## Problem statement
Exactly as they appear, retype the lines from the one containing "25 x Lightseekers" through the final line of the data below. Leave pictures out.

## Data shown
┄┄┄┄┄┄

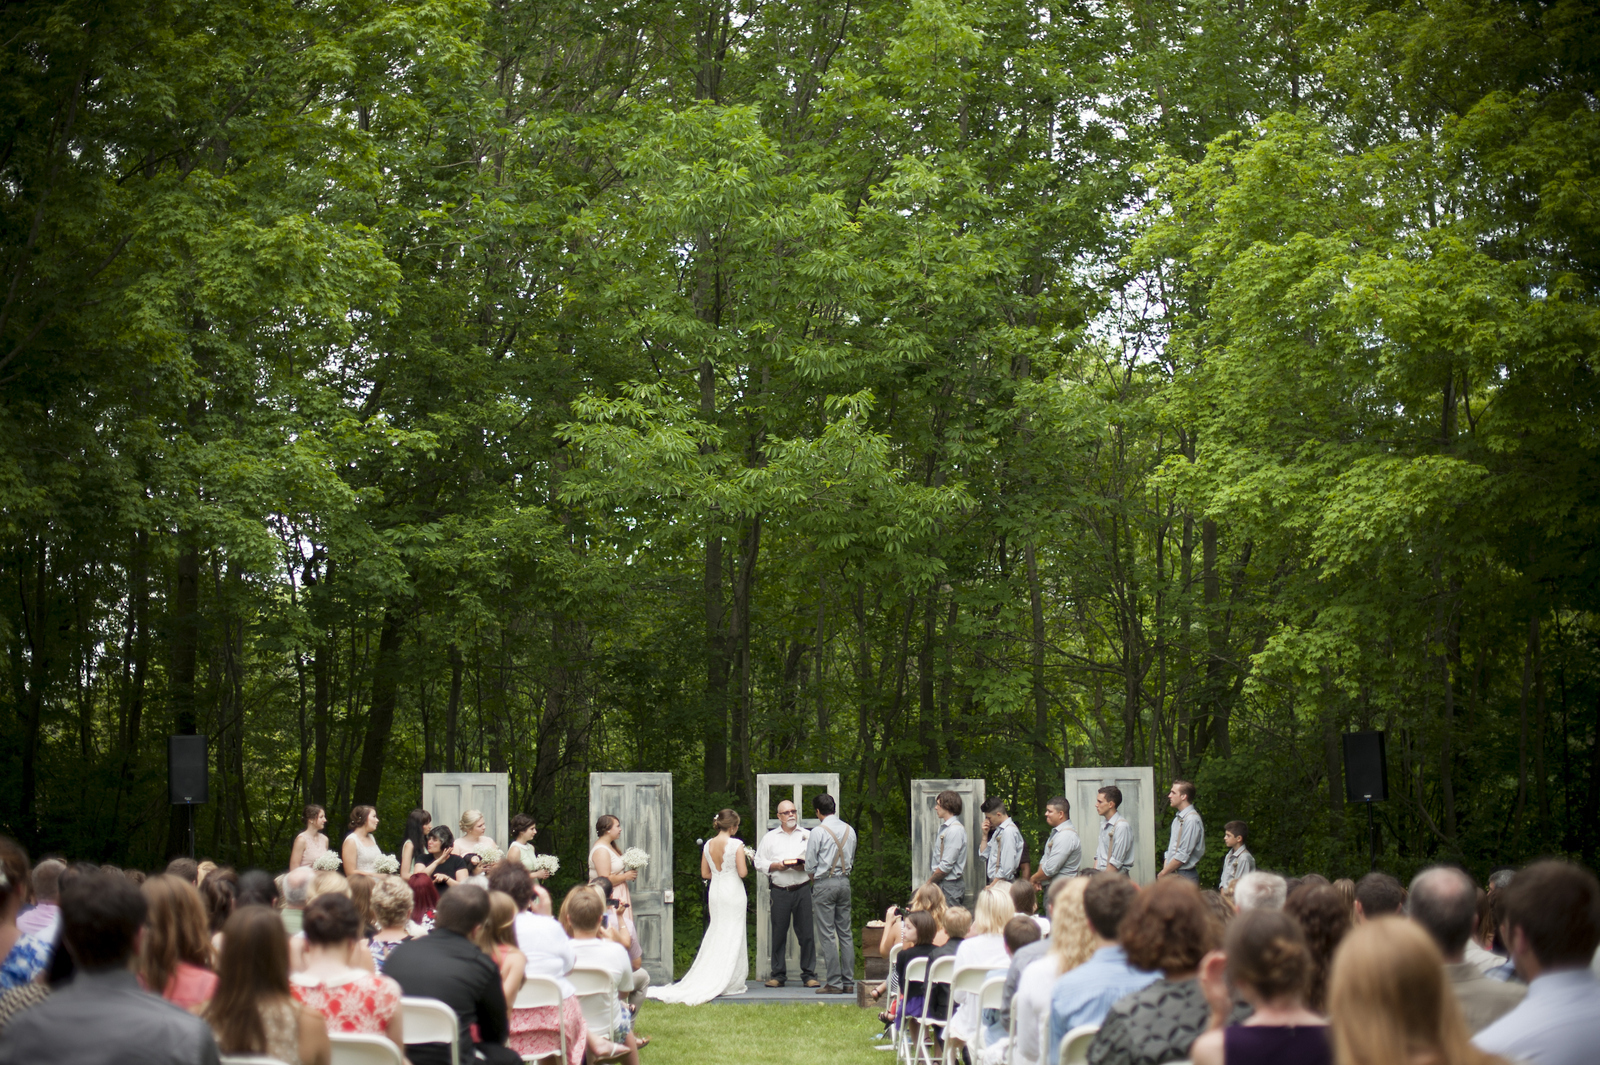 The Meadow is a wedding venue situated near a large copse of trees that surround a small lawn. At this weeding ceremony the bride and groom used old distressed doors as a back drop to their alter. 
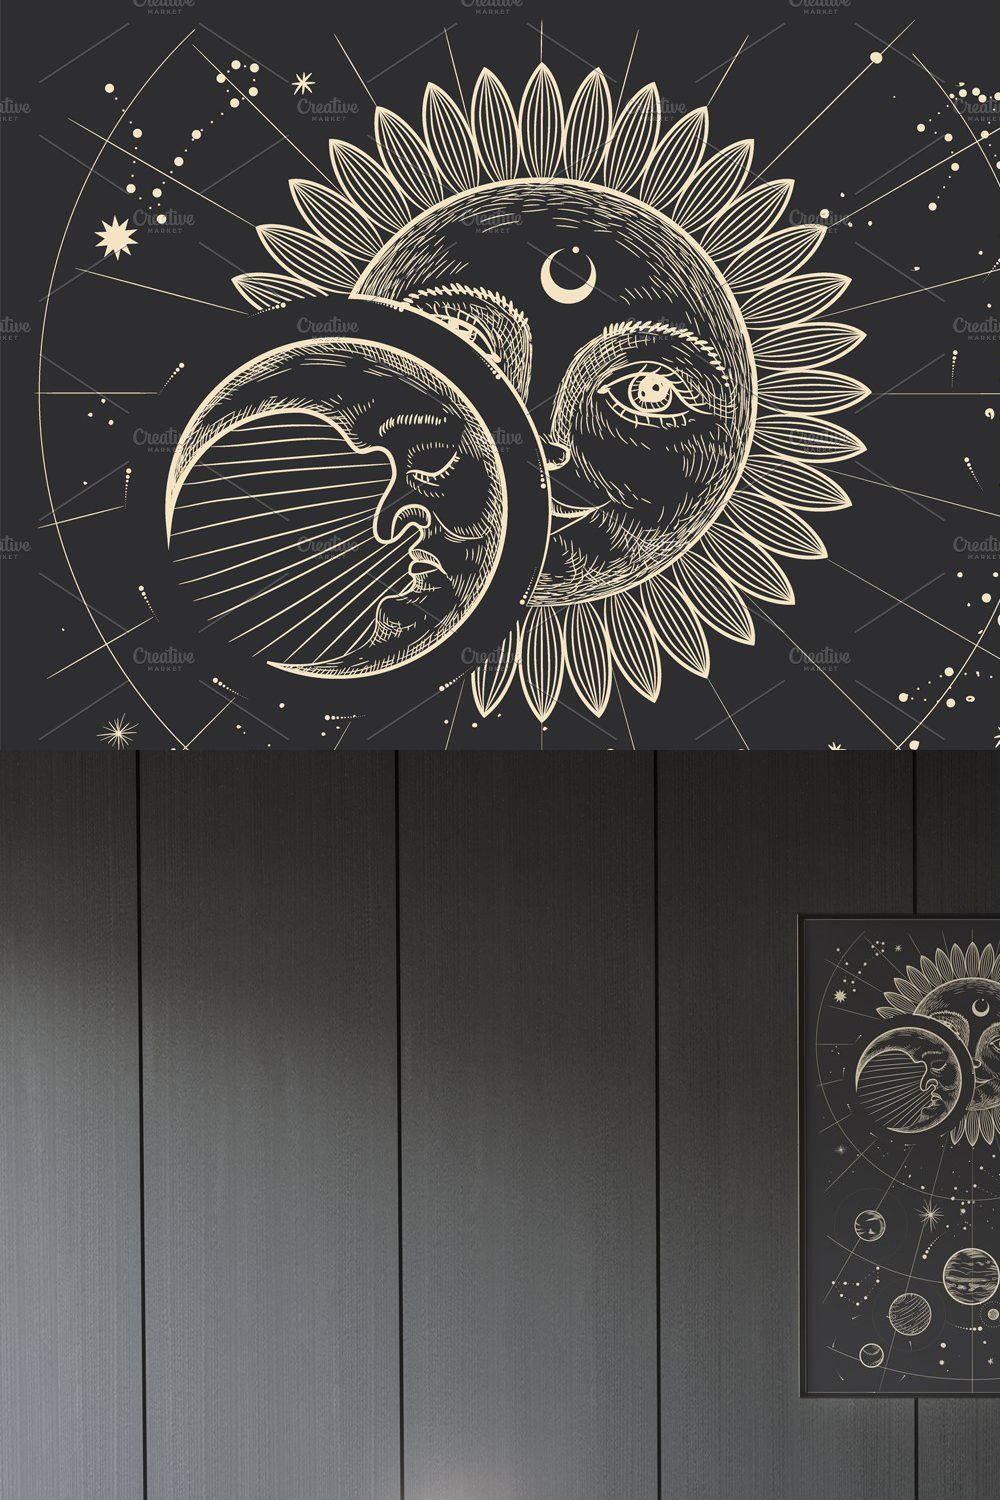 Solar system pinterest preview image.
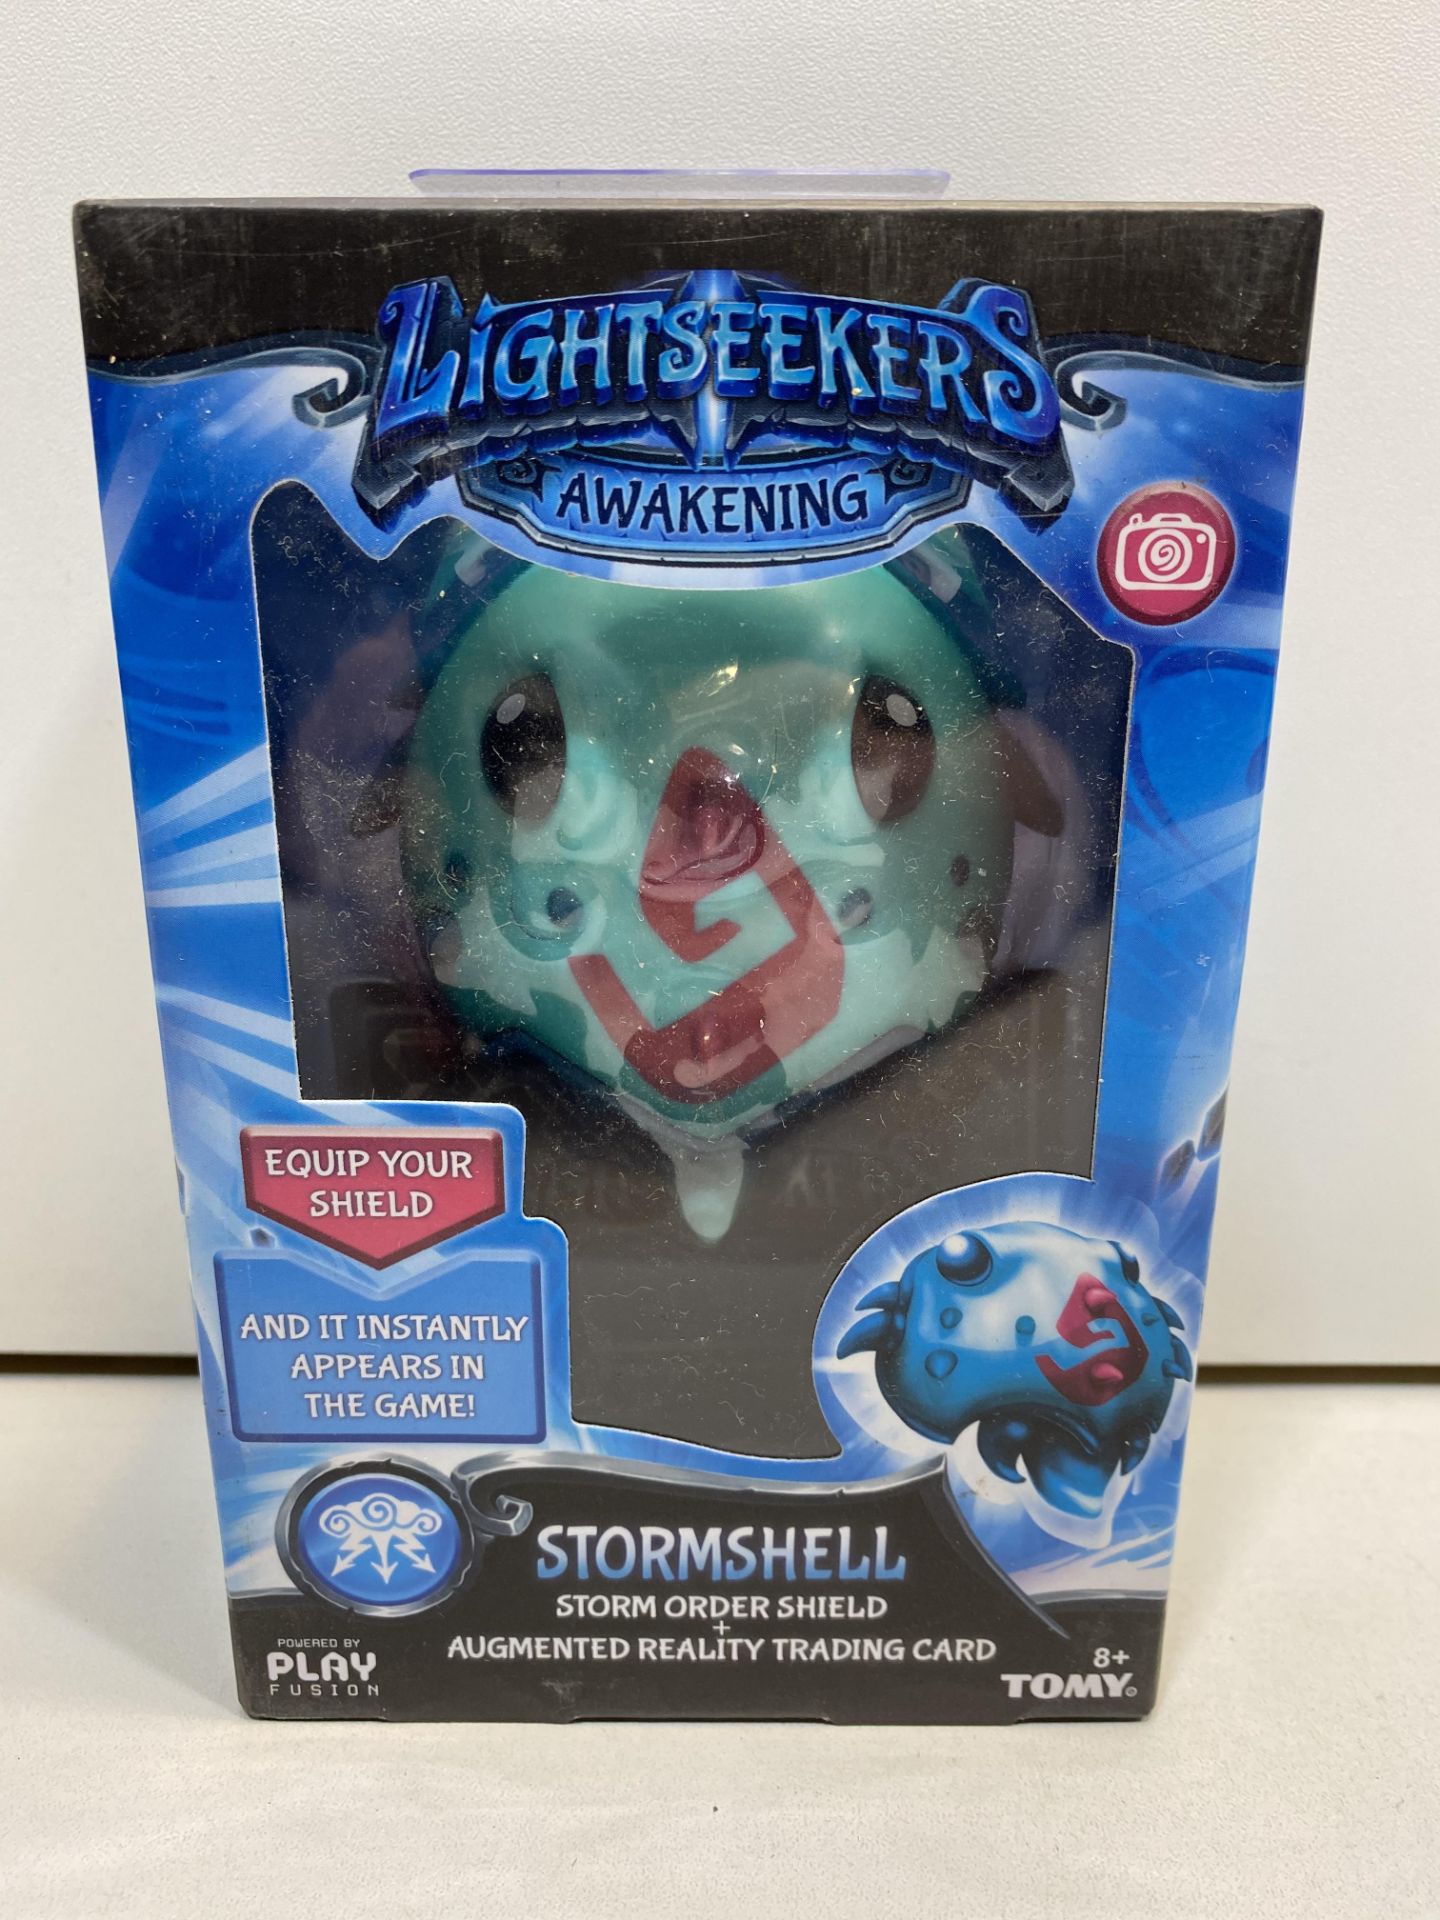 25 x Lightseekers L71215 Stormshell Shield Playset |796714712154 - Image 4 of 5
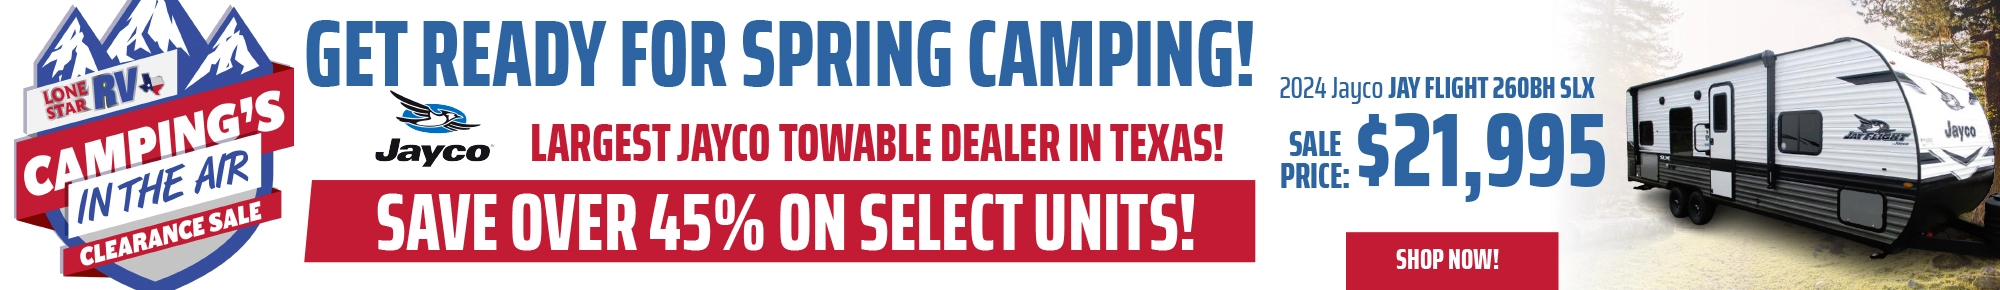 Lone Star RV's Camping's In The Air Clearance Sale

┄┄┄┄┄┄

## Written reply
 25 x Lightseekers L71215 Stormshell Shield Playset |796714712154 - Image 4 of 5
 Lone Star RV's Camping's In The Air Clearance Sale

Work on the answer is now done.